[Openmcl-devel] Mac App store: solving Lisp's last mile problem

Pascal J. Bourguignon pjb at informatimago.com
Sat Oct 23 12:31:15 PDT 2010


Alexander Repenning <ralex at cs.colorado.edu> writes:

> Seems to me that we can just keep speculating until the proverbial
> cows come home (or stay on the feedlot ;-) Slashdot has a big
> discussion on the "garden of Steven"
> http://apple.slashdot.org/story/10/10/22/1931211/
> Beware-the-Garden-of-Steven   
>
> I would like to give this whole Mac App Store development a more
> positive spin. The iPhone/iPad/IApp Store eco system has attracted
> many NEW programmers to the Apple world. A number of my ugrad students
> make a surprising amount of money from making simple games that they
> developed for iOS. An interesting observation is that NONE of these
> students actually liked Objective-C, BUT, Objective-C did the
> trick. That is, they could produce that simple app that ended up
> making some money for them.  The Mac App store may not have quite the
> same level of attraction but I think many students would still be very
> interest in making casual apps. Objective-C was not an attractive
> programming language, Objective-C is not typically a language used in
> teaching and yet this is what many students end up being interested in
> because of the integration into the more general eco system including
> the commercial aspect. To summarize, students program in Objective-C
> in-spite of not liking it, and buy Macs to develop apps in-spite of
> thinking that Macs are expensive.

Why don't they like it?

Objective-C is a mix of C and Smalltalk.  It is a much better
programming language than C++, even more so with Apple's extensions.
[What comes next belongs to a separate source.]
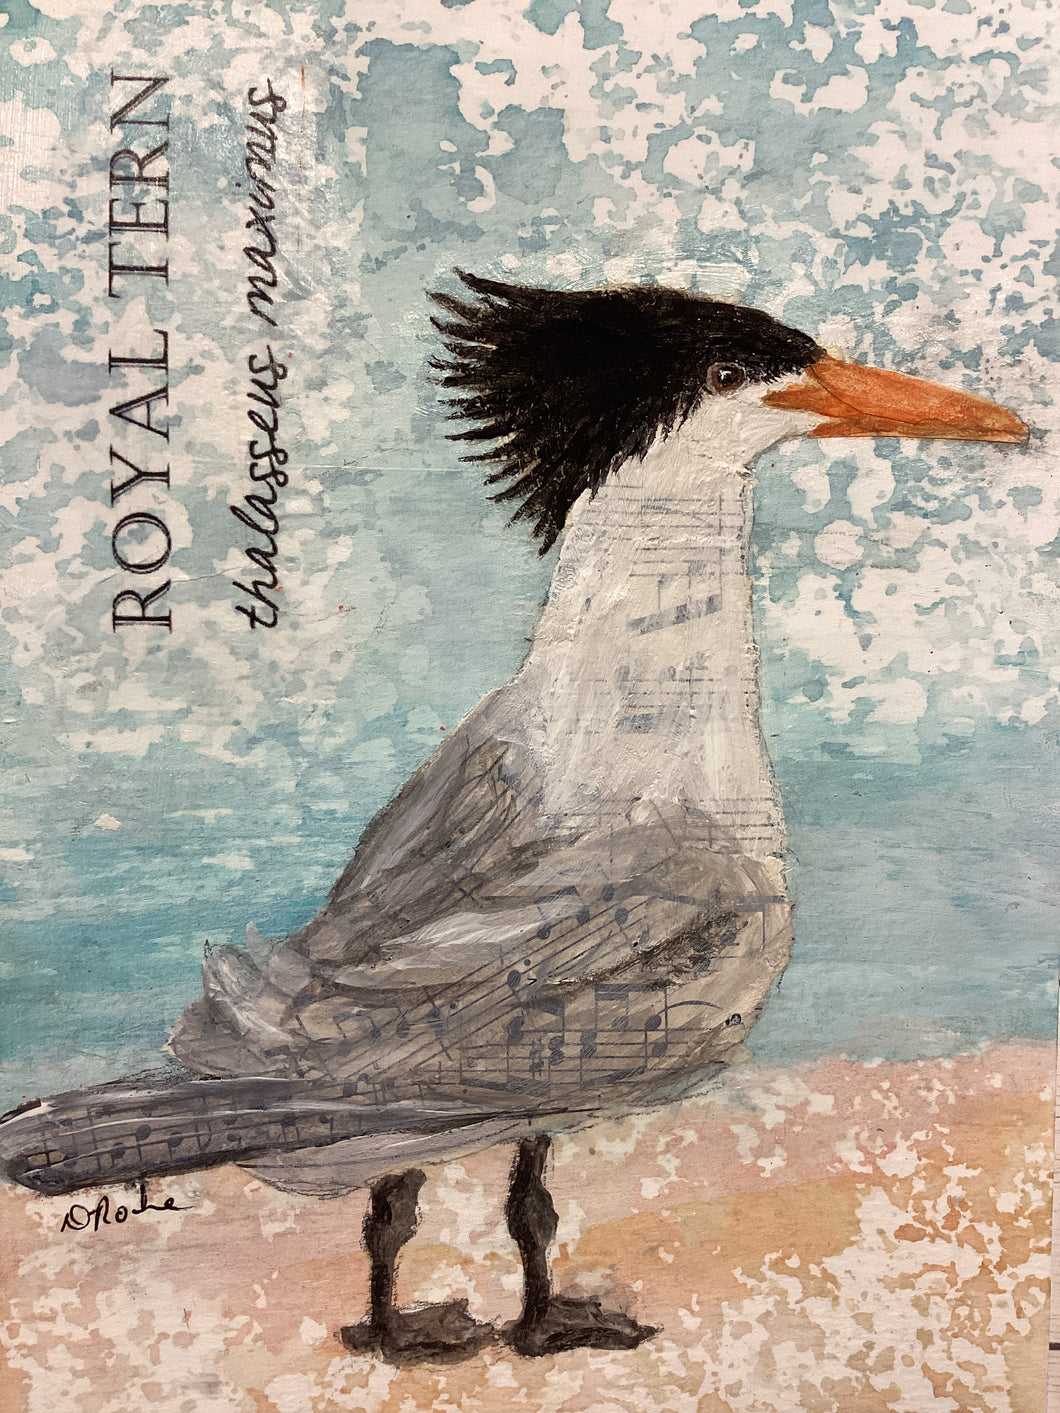 Royal Tern, 5x7 original mixed media painting, Day 30 0f 100

Nowadays, Apple's Objective-C has lambda. It's spelled ^, but it
produces closures.

While one could regret the C part of Objective-C, if you avoid it, you
can program as if you had Smalltalk.


> Now, lets speculate what could happen if the Lisp/CCL community,
> instead of debating end-of-the-world-as-we-know-it scenarios would
> embrace this eco system as well and would think, for a change, about
> what perhaps one could call the "last mile" problem of Lisp. Lets
> start with an observation of Ron Garret:
>
>     Besides, why would you even *want* to develop a retail app in CCL?
>     The leverage CCL gives you over ObjC is virtually useless in the
>     retail app world.  What makes CCL cool is that you have a
>     debugger, a compiler available at run time, the MOP,
>     macros... what would you do with those things in a retail app?
>
> I think this hits the problem really on the head. Perhaps this is
> Lisp's biggest problem. Period. Basically, we are saying that Lisp is
> great to play around, do a little debugging here and there just run
> little experiments but certainly not good enough to make a real app
> that others could actually use or even would be willing to pay for. Is
> this really true? 

Notice that InterfaceBuilder was once a Lisp program.

Lisp is great to write user interfaces.

I have a lot of problems with InterfaceBuilder, because it is a lot of
hard, manual work, to set up user interfaces with it.  Often, I just
generate them programmatically with Objective-C code.  It would be much
easier with Lisp.


> Perhaps this is true now but is there some reason
> intrinsic to Lisp why this has to stay like this?  For a lack of a
> better term I call this Lisp's Last Mile problem. I claim this is a
> great opportunity for the Lisp community in general and most certainly
> for the CCL community. Instead of contemplating syntactic
> simplifications, or whatever the CL lang newslist is currently wasting
> their time over, we could actually try to solve CL's last mile problem
> for the Mac. I realize, this probably would not be a fun
> project. Error handlers, full OS X integration etc.  requires some
> thinking. 
>
> I claim it would be very worthwhile to explore the compatibility of
> CCL with the Mac Store Apps framework. Obviously, we need to assess
> if, for instance, the use of the badly documented darwin functions
> could be a problem. I actually suspect it may not be. In the case of
> Java Apple is pulling the rug from underneath developers by declaring
> Java to be an OPTIONAL component of OS X. For a change lets use some
> positive thinking here and explore new exciting opportunities.

I agree entirely.


The use of 'undocumented' API may be justified when you want to
implement a 'close-to-the-machine' system, when you want to avoid
inefficiencies.


But if the objective is to program against a given API, this should not
be particularly hard to do, even if not as efficiently as with lower
level tricks.  It may very well mean that you'll have to have a VM
instead of compiling to native code at run-time, if the provided API
doesn't allow you to generate and jump to native code.  But that won't
prevent native code generation at compilation-time.